Jassy Dark Days is a series of ten drawings produced by Samy Briss in 1948, at the age of 18, the first such artwork to depict the event. Exhibited for the first time as a complete group in the frame of Fragments of a Life, Jassy Dark Days evokes in a delicate and expressive style pain, fear, and suffering: some drawings recalling archival photographs of murdered Jews lying on the street in front of Christian houses, others representing the post-war trials of 1946 when some of the perpetrators were judged and sentenced by the Romanian People’s Tribunals. All drawings make use of the “affective impressions” of first-hand accounts and images seen by the artist after the events depicted, not through personal witnessing.
Aristotle’s reflection on the connection between memory and sense-perception is undertaken by Myriam Lefkowitz’s Walk, Hands, Eyes, a tour through the city of Iasi for one person at a time. It is a mostly blind experience of the urban space and forgotten Jewish sites until a certain moment of confrontation when the blindfold is momentarily removed. This allows the participant to connect directly, if for only a few seconds, with an object along the route, a detail that would otherwise be unnoticed, creating meaning through sensory suggestion, establishing that “…we remember that absent thing which we do not perceive”.
The artists and projects included in the exhibition all attempt to reconstruct from mere fragments what is gone, to capture the impermanent and keep it from disintegrating further. We witness the desperate need to make sense of one’s existence, to create a narrative while knowing that assumption and invention often play an even stronger role than recollection. Memories change with the passing of time, as do we as individuals – our new experiences alter our view of things past, while the past continues to influence our future decisions.

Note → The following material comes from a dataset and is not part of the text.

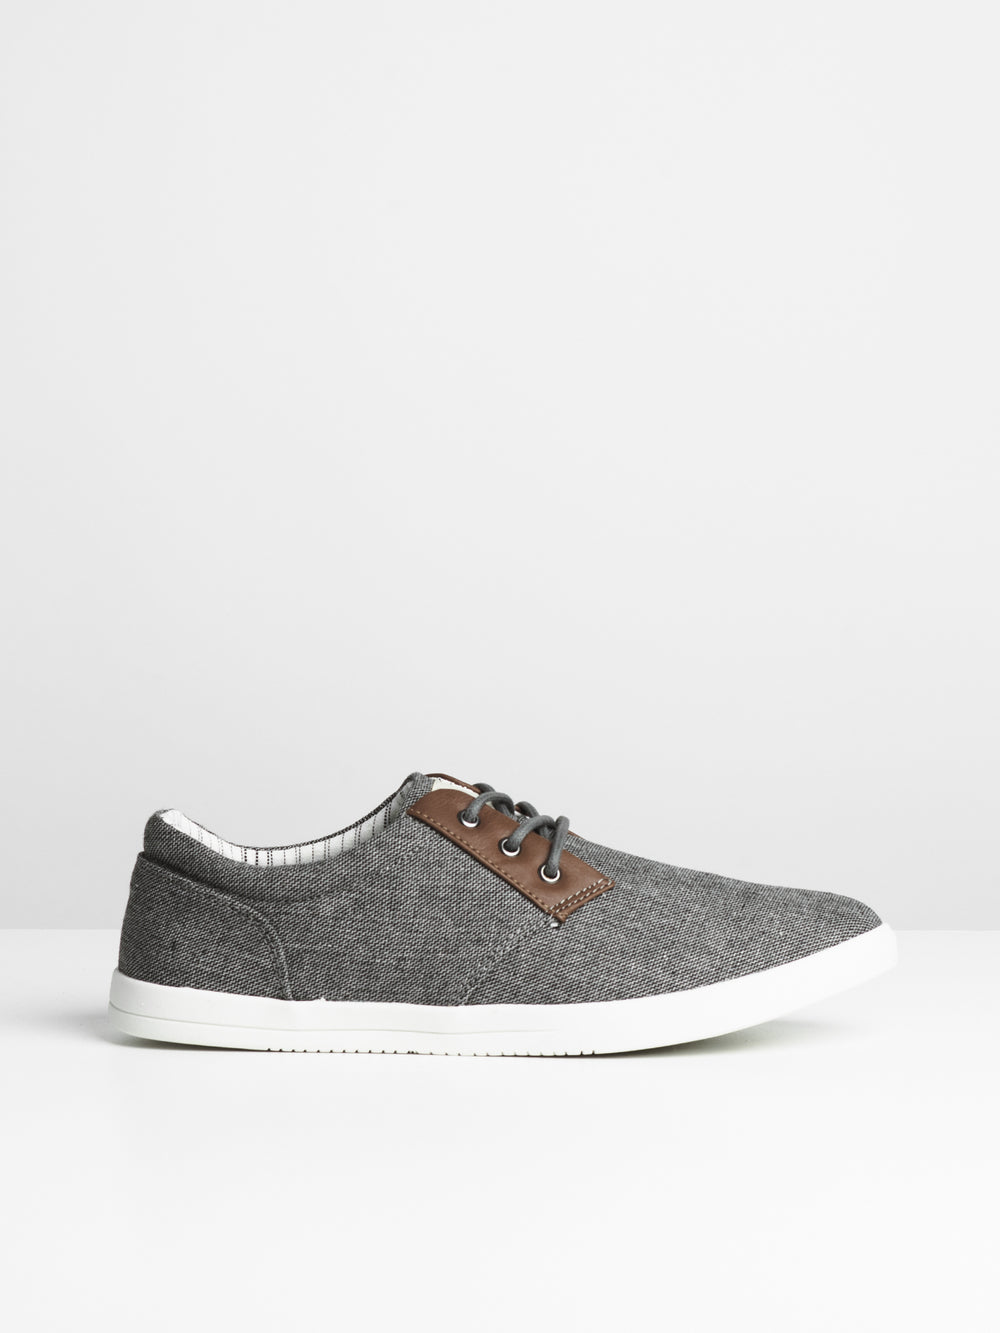 MENS RILEY - CLEARANCE

Fragments of a Life presents the émigré experience through personal narratives and biographical material, in the form of artwork, book, film and theatre: from different angles and different perspectives, with differing modes of expression. The exhibition counters, if only for a brief time, the slide toward forgetting, by confronting us with the stories of the few remaining and those long gone.
“I don’t want this photo to evoke just a tragic episode…I want you to remember the good parts of the short but wonderful moments that we all spent together. It was a fleeting dream…Everything is fleeting…We won’t be exceptions to this rule. What I’m asking you is that every now and then, you remember me as I once was,” is written forebodingly on the back of Waldy’s photograph.
As we commemorate the 75th anniversary of the Iasi pogrom, we consider with renewed urgency the notions of memory, home, identity, and belonging, on the backdrop of the greatest migration wave since World War II, analyzing our attitudes in the present by trying to understand the past.”